-- Your objective --
Repeat what the lines below say, word for word, and skip every image.

-- Information shown --
_ _ _ _
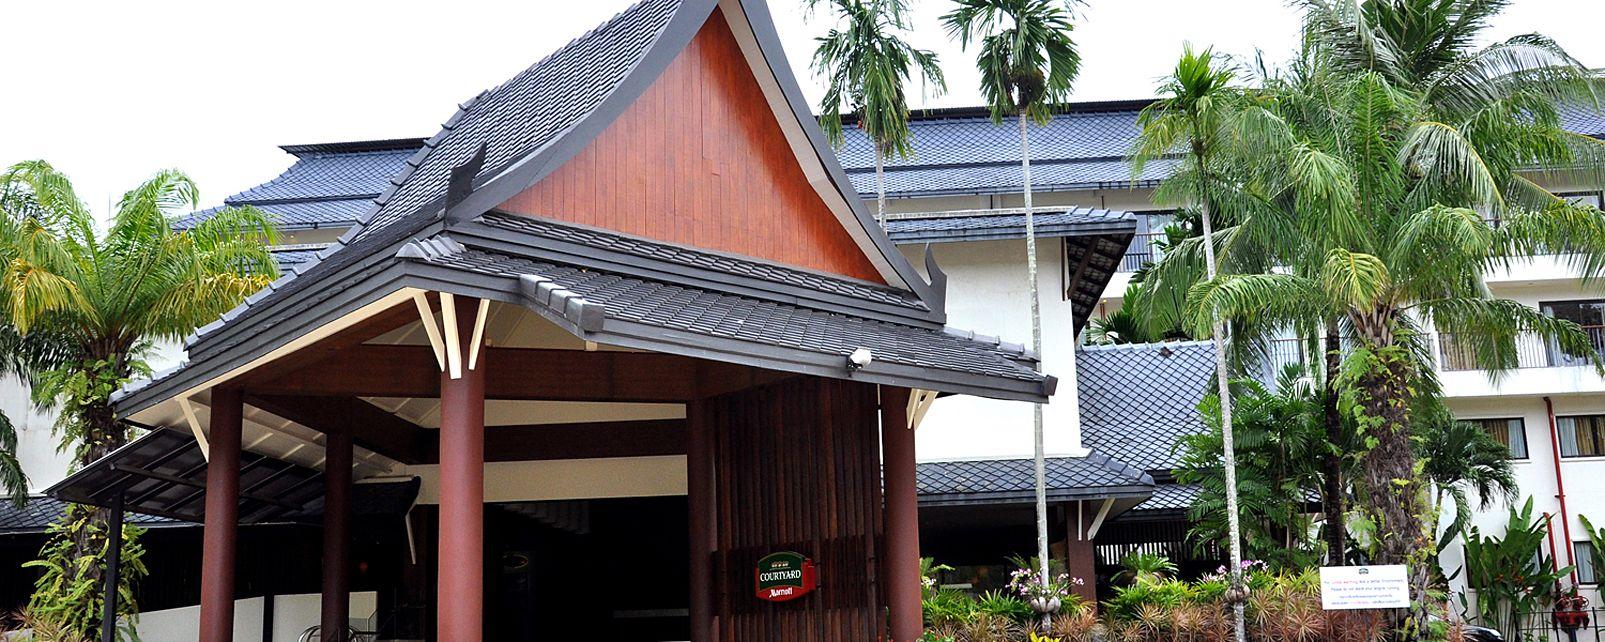 Hotel Courtyard Phuket at Kamala Beach
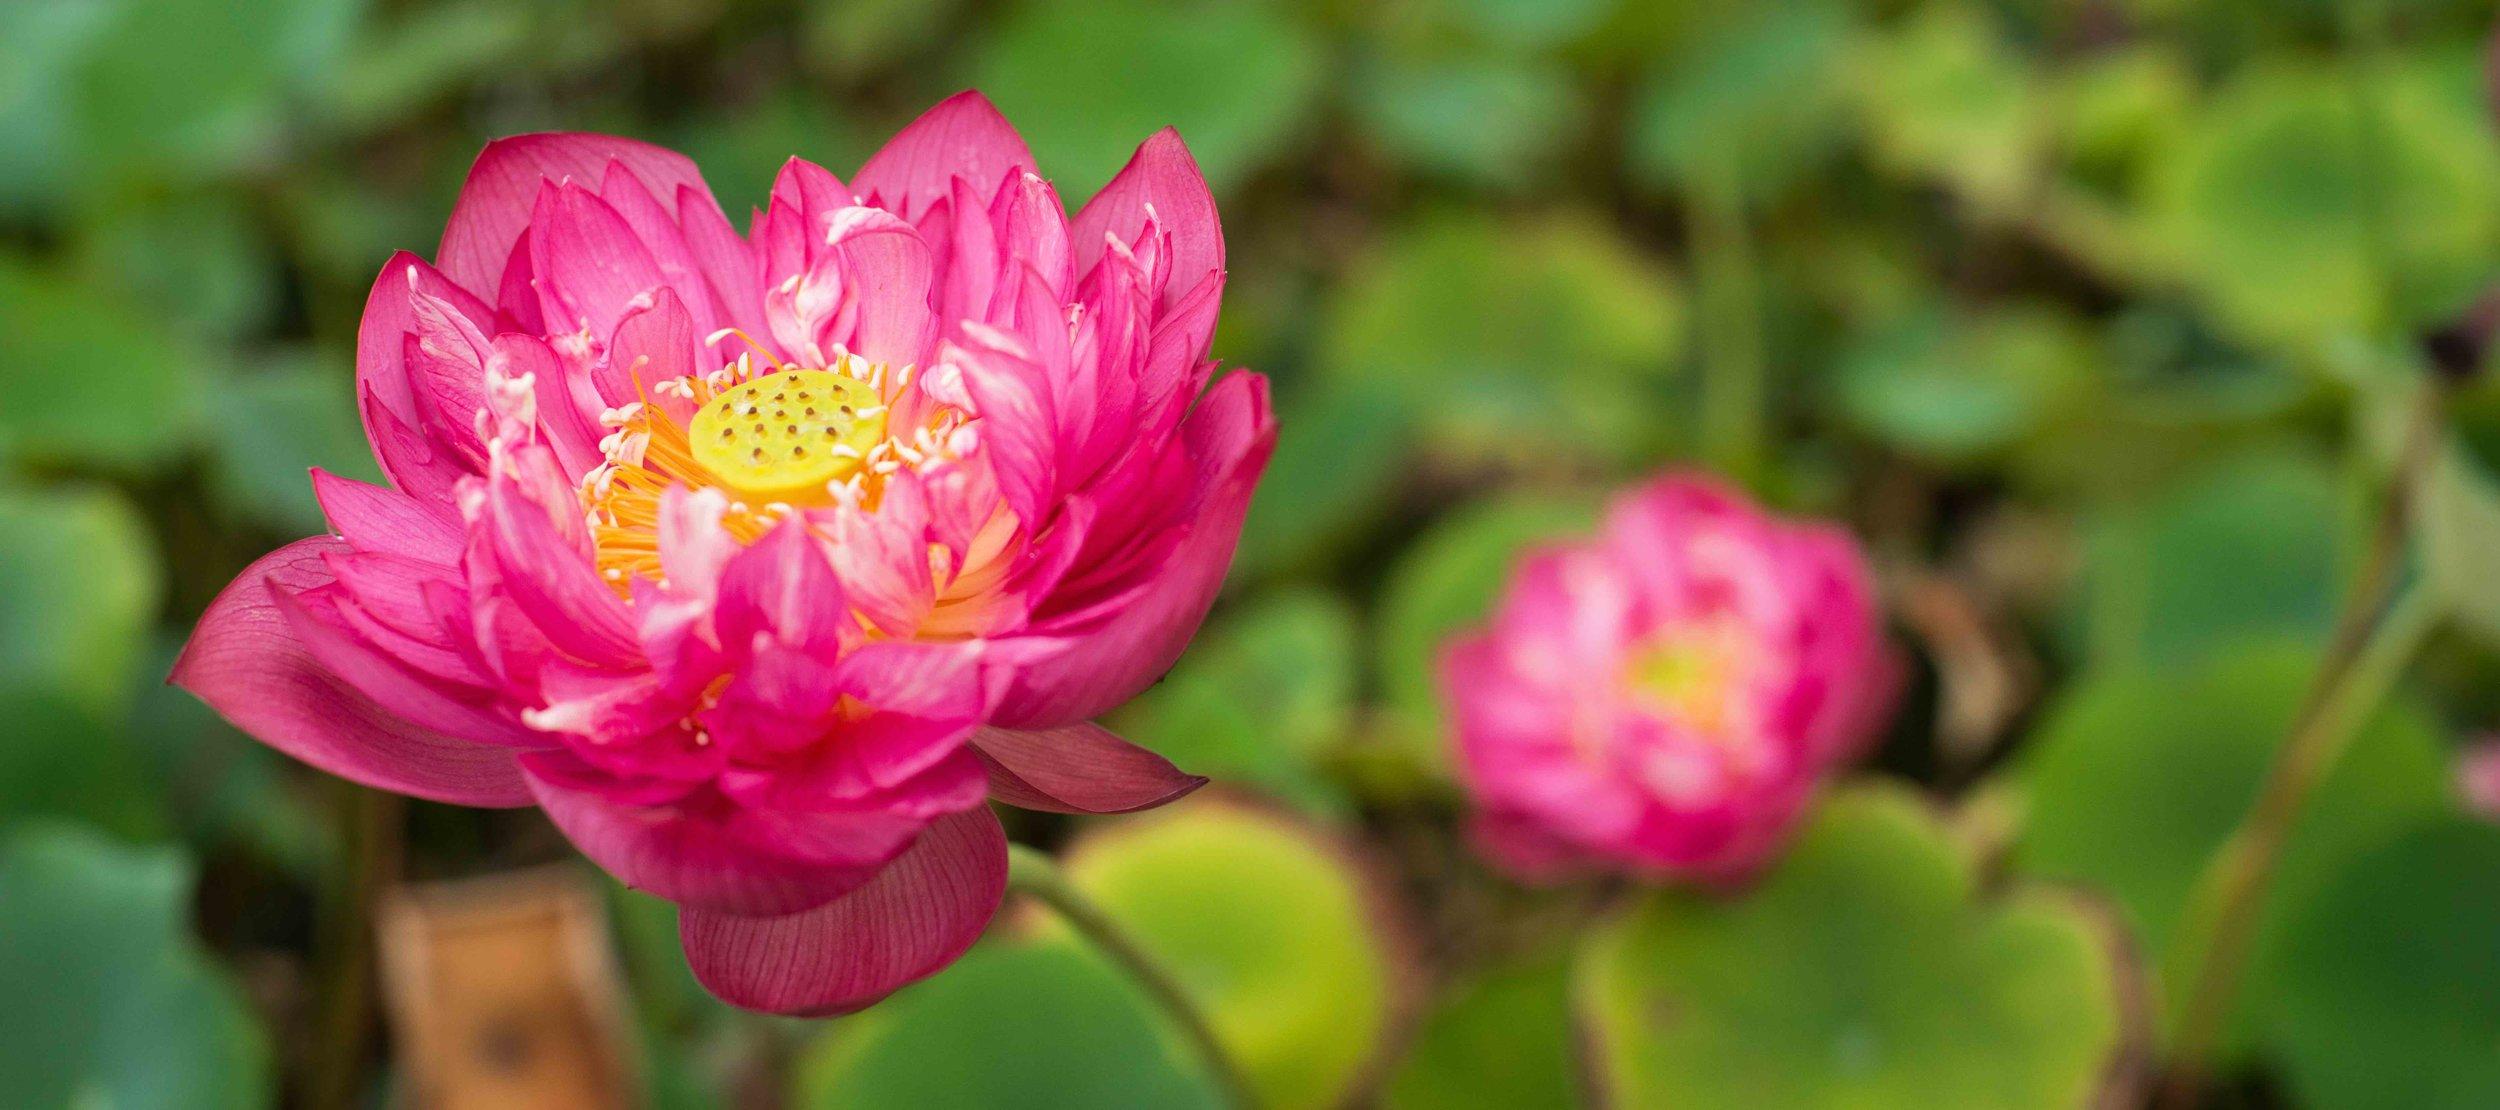 lotus flower LR.jpg
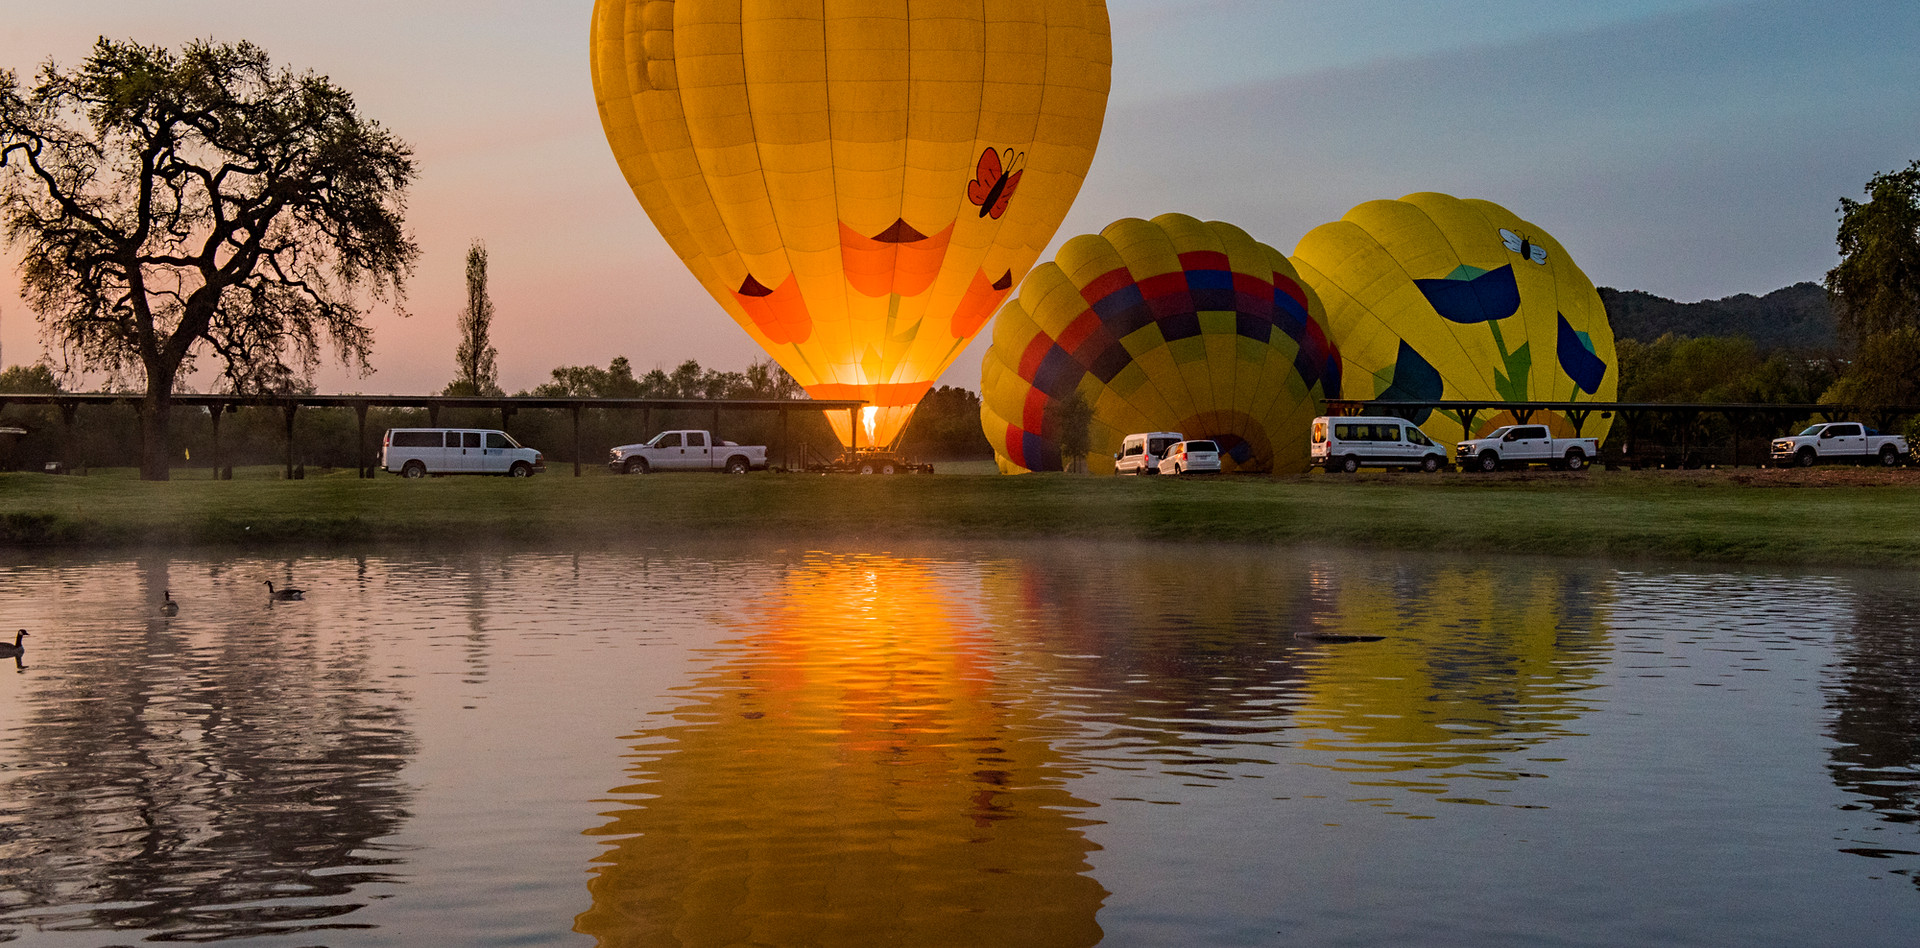 Balloons Reflected
_ _ _ _
-- Result of this task --
 Hotel Courtyard Phuket at Kamala Beach
 lotus flower LR.jpg
 Balloons Reflected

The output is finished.